As I pulled my phone out of my hip-belt pocket, I propped my heaving body up with my trekking poles and shifted the weight off of my left leg; my navigation app estimated one more mile still to go. Worn, rancid clothes stuck to my equally soiled skin, and the gaiter on my left ankle dug into the ever-swelling leg it covered. The overgrowth that hid the trail kept me from bracing myself as I descended the mountain. Every clumsy, blind step felt like a sucker punch to the gut. Other nights on the trail I’d sail through just one more mile, but this night I broke down. It was past 10:00 p.m. I hadn’t seen Lily since dinner at 5:00 p.m., and no doubt she was sitting at camp wondering when I’d show up with the other half of our tent. I was glad for once that she was so far ahead, that she was so much stronger than I was. I couldn’t let her know how much I was falling apart—how much I doubted I could finish with her. With soggy, uncharacteristic tears I slumped to the dirt in the dark. I had suffered so much to reach our goal. How could more still be asked of me?

April 8, 2021, I began hiking the Pacific Crest Trail (PCT) in Campo, California, with Lily, my best friend since third grade. Originating at the US–Mexican border, following the mountain crests of California, Oregon, and Washington, and terminating at the US–Canadian border, the Pacific Crest Trail stretches the entire length of the United States. The 2,650 miles of trail traverse hot, water-scarce deserts, snow-covered mountain passes, dense forests, brambled burn zones, and rocky ridges. Finishing the PCT is a crowning accomplishment for avid backpackers—second in length and rigor only to the Continental Divide Trail within the United States. According to the Pacific Crest Trail Association, the trail generally takes about four and a half to five and a half months to complete. It remains unclear what percentage of the couple thousand permit holders actually makes it all the way to Canada in one hiking season (“Thru-Hiker FAQ” and “Visitor Use Statistics”). As part of our gap year, in order to hike the entire trail before starting college in August, Lily and I had to finish in just four months and a week. We decided to take on the challenge a mere three months before the adventure began. Lily had never backpacked before, and a two-month trip to Costa Rica gave us about a month, all days combined, to plan and “train.” We embarked come victory or toil in a spirit of haphazard spontaneity.

Although I had never through-hiked before, my relationship with backpacking in general began long before Lily’s. When I was nine years old, my dad won a place in the lottery for a ranger-led backpacking trip along Yosemite’s High Sierra Camps. Summer 2011 my dad, my older sister, and I donned packs for the first time and went out into the Sierras with a small group of fellow backpackers lead by Ranger Phaedra. My father fell in love. The Sierra Nevada mountains revealed more raw beauty on our trek than he could resist.
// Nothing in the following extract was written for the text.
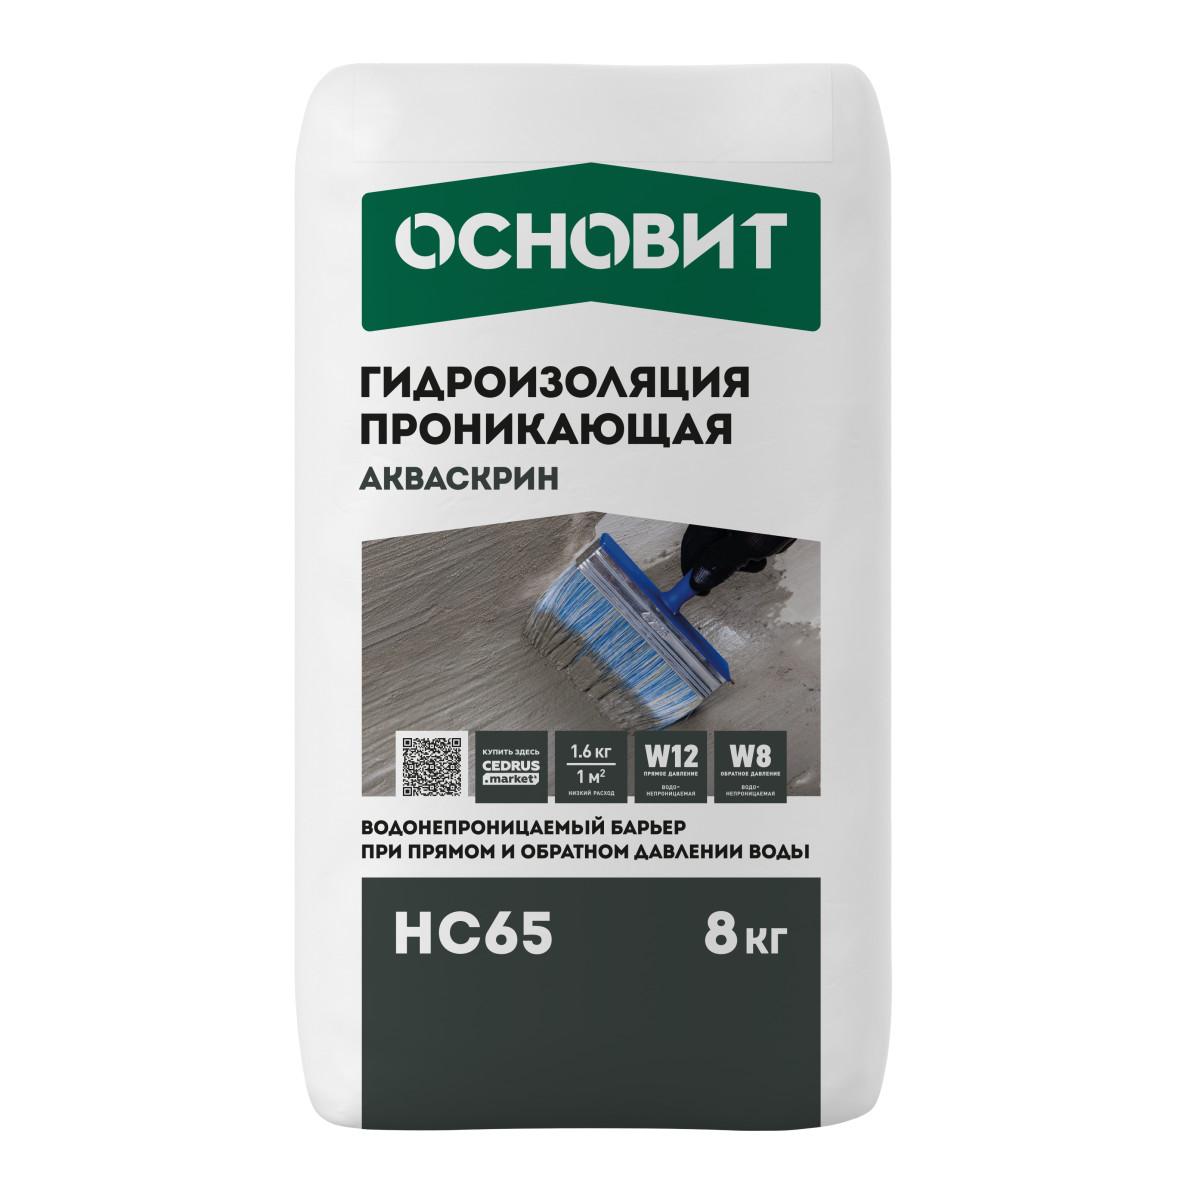 Гидроизоляция Основит акваскрин HC65 8 кг

He decided then and there that this trip would become an annual tradition. My sister, more horse than human, raced down the trails. Beside my dream-drunk father and long behind my athletic sister, I managed meager step after meager step. Nicknamed “Abba-snail” in my family, speed was never my strong suit to begin with. On multiple occasions on the trip my dad carried my pack for me because I was too tired and hiking too slowly. A few days in, I refused to talk to everyone in our group out of spite. My initial excitement turned to aversion; I hated backpacking, and most of all I hated that I was dragging everyone down. It drove me crazy that I was always exhausted, lagging, and shoring up the rear. Backpacking tore my childhood pride to pieces, and I raged against it internally.

A few years down the line of annual backpacking trips, I began beating everyone in my family to camp. I could hike through an uphill without pausing while my siblings, father, and cousins trailed farther and farther behind. Although both my older sister and younger brother outmatched me in any other physical activity, no one could hike as long and far as I could. On my own, I started to drink from the mountain draught that first intoxicated my father. Every break I couldn’t take in the past, because I walked too slowly, spurred me on with a mulish stubbornness and new-found endurance while the natural beauty propelled me forward. Leaving Lily far behind on our training hikes, I had faith in the legs and lungs I’d built as a cranky child. All my loathing and struggling with backpacking and the strenuous trail had morphed into a loving of and seeking after unfrequented nature in its rawest forms.

Looking forward to the PCT, I had few pressing concerns about the physical toll it proposed given my hiking history. That confidence was shattered on day two of the hike. From that day onward, the trail took every ounce of me, physically, emotionally, and spiritually. On bleaker stretches I wondered if there would be any person in me left if I finished. My right hip and left knee hurt continuously for the first six hundred miles of desert, and it was under these conditions I began to fall in love with PCT. One of my journal entries during the desert section describes my contrasting feelings:

At times every day I will wish for some random, natural occurrence to take me out of my suffering and then at other times I will be walking back from a mile-long, off-trail water detour unable to withhold my smile. I don’t know if I will get the chance again to be more wholly miserable or more perfectly delighted. A lot of this trail, I gather, will be balancing the two. You feel quite at the mercy but of what I cannot say. (Moore)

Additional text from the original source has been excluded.